▼

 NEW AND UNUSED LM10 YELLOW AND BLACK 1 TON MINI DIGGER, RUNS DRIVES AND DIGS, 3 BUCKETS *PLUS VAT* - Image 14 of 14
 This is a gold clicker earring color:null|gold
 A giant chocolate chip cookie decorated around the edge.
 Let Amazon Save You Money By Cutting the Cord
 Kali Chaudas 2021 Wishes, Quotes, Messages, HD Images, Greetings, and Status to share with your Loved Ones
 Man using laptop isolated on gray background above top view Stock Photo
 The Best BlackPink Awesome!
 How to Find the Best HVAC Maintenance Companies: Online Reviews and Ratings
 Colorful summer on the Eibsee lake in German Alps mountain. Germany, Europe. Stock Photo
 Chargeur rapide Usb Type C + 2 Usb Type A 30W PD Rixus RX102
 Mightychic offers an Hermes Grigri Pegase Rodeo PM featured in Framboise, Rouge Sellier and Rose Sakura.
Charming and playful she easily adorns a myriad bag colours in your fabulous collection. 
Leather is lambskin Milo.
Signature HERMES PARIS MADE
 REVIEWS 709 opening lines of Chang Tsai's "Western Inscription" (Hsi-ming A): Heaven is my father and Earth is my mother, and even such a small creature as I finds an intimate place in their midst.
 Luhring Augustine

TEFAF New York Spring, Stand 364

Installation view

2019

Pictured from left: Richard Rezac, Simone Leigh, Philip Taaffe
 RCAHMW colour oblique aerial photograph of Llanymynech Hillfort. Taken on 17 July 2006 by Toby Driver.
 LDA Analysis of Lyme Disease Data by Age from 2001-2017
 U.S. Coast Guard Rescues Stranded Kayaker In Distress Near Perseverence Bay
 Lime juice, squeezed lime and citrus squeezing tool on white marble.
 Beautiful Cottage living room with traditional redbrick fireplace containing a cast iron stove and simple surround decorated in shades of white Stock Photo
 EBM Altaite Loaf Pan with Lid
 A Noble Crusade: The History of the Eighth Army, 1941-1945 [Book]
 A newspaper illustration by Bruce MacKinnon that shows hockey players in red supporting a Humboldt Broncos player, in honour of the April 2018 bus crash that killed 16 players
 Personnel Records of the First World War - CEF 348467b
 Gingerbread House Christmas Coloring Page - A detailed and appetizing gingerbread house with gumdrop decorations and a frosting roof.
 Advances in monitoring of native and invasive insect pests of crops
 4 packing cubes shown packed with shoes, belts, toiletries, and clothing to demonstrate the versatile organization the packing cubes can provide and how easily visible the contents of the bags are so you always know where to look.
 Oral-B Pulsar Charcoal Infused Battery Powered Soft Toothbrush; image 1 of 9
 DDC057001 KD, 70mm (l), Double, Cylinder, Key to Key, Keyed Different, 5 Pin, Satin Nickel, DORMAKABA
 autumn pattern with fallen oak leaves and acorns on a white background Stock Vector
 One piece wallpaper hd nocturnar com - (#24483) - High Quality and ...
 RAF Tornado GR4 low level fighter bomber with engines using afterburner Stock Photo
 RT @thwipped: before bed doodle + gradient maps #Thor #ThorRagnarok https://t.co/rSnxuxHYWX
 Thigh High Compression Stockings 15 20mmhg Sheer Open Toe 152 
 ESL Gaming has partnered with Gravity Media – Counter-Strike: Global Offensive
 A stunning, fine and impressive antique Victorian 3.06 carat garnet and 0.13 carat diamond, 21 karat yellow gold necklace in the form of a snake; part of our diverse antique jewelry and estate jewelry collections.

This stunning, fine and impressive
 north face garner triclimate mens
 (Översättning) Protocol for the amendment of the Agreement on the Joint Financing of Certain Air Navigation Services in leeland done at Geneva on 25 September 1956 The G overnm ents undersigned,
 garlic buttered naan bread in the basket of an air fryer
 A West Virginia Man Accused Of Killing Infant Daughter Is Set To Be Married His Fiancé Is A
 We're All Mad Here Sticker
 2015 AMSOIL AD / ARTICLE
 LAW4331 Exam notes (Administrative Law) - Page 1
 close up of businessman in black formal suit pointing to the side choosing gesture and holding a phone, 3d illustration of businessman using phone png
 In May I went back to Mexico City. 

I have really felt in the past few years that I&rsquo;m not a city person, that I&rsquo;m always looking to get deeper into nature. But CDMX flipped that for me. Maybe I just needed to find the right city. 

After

▲

**Problem requirements**
Write out every entry again so that each line matches the original exactly.

**Result of this task**
 NEW AND UNUSED LM10 YELLOW AND BLACK 1 TON MINI DIGGER, RUNS DRIVES AND DIGS, 3 BUCKETS *PLUS VAT* - Image 14 of 14
 This is a gold clicker earring color:null|gold
 A giant chocolate chip cookie decorated around the edge.
 Let Amazon Save You Money By Cutting the Cord
 Kali Chaudas 2021 Wishes, Quotes, Messages, HD Images, Greetings, and Status to share with your Loved Ones
 Man using laptop isolated on gray background above top view Stock Photo
 The Best BlackPink Awesome!
 How to Find the Best HVAC Maintenance Companies: Online Reviews and Ratings
 Colorful summer on the Eibsee lake in German Alps mountain. Germany, Europe. Stock Photo
 Chargeur rapide Usb Type C + 2 Usb Type A 30W PD Rixus RX102
 Mightychic offers an Hermes Grigri Pegase Rodeo PM featured in Framboise, Rouge Sellier and Rose Sakura.
Charming and playful she easily adorns a myriad bag colours in your fabulous collection. 
Leather is lambskin Milo.
Signature HERMES PARIS MADE
 REVIEWS 709 opening lines of Chang Tsai's "Western Inscription" (Hsi-ming A): Heaven is my father and Earth is my mother, and even such a small creature as I finds an intimate place in their midst.
 Luhring Augustine

TEFAF New York Spring, Stand 364

Installation view

2019

Pictured from left: Richard Rezac, Simone Leigh, Philip Taaffe
 RCAHMW colour oblique aerial photograph of Llanymynech Hillfort. Taken on 17 July 2006 by Toby Driver.
 LDA Analysis of Lyme Disease Data by Age from 2001-2017
 U.S. Coast Guard Rescues Stranded Kayaker In Distress Near Perseverence Bay
 Lime juice, squeezed lime and citrus squeezing tool on white marble.
 Beautiful Cottage living room with traditional redbrick fireplace containing a cast iron stove and simple surround decorated in shades of white Stock Photo
 EBM Altaite Loaf Pan with Lid
 A Noble Crusade: The History of the Eighth Army, 1941-1945 [Book]
 A newspaper illustration by Bruce MacKinnon that shows hockey players in red supporting a Humboldt Broncos player, in honour of the April 2018 bus crash that killed 16 players
 Personnel Records of the First World War - CEF 348467b
 Gingerbread House Christmas Coloring Page - A detailed and appetizing gingerbread house with gumdrop decorations and a frosting roof.
 Advances in monitoring of native and invasive insect pests of crops
 4 packing cubes shown packed with shoes, belts, toiletries, and clothing to demonstrate the versatile organization the packing cubes can provide and how easily visible the contents of the bags are so you always know where to look.
 Oral-B Pulsar Charcoal Infused Battery Powered Soft Toothbrush; image 1 of 9
 DDC057001 KD, 70mm (l), Double, Cylinder, Key to Key, Keyed Different, 5 Pin, Satin Nickel, DORMAKABA
 autumn pattern with fallen oak leaves and acorns on a white background Stock Vector
 One piece wallpaper hd nocturnar com - (#24483) - High Quality and ...
 RAF Tornado GR4 low level fighter bomber with engines using afterburner Stock Photo
 RT @thwipped: before bed doodle + gradient maps #Thor #ThorRagnarok https://t.co/rSnxuxHYWX
 Thigh High Compression Stockings 15 20mmhg Sheer Open Toe 152 
 ESL Gaming has partnered with Gravity Media – Counter-Strike: Global Offensive
 A stunning, fine and impressive antique Victorian 3.06 carat garnet and 0.13 carat diamond, 21 karat yellow gold necklace in the form of a snake; part of our diverse antique jewelry and estate jewelry collections.

This stunning, fine and impressive
 north face garner triclimate mens
 (Översättning) Protocol for the amendment of the Agreement on the Joint Financing of Certain Air Navigation Services in leeland done at Geneva on 25 September 1956 The G overnm ents undersigned,
 garlic buttered naan bread in the basket of an air fryer
 A West Virginia Man Accused Of Killing Infant Daughter Is Set To Be Married His Fiancé Is A
 We're All Mad Here Sticker
 2015 AMSOIL AD / ARTICLE
 LAW4331 Exam notes (Administrative Law) - Page 1
 close up of businessman in black formal suit pointing to the side choosing gesture and holding a phone, 3d illustration of businessman using phone png
 In May I went back to Mexico City. 

I have really felt in the past few years that I&rsquo;m not a city person, that I&rsquo;m always looking to get deeper into nature. But CDMX flipped that for me. Maybe I just needed to find the right city. 

After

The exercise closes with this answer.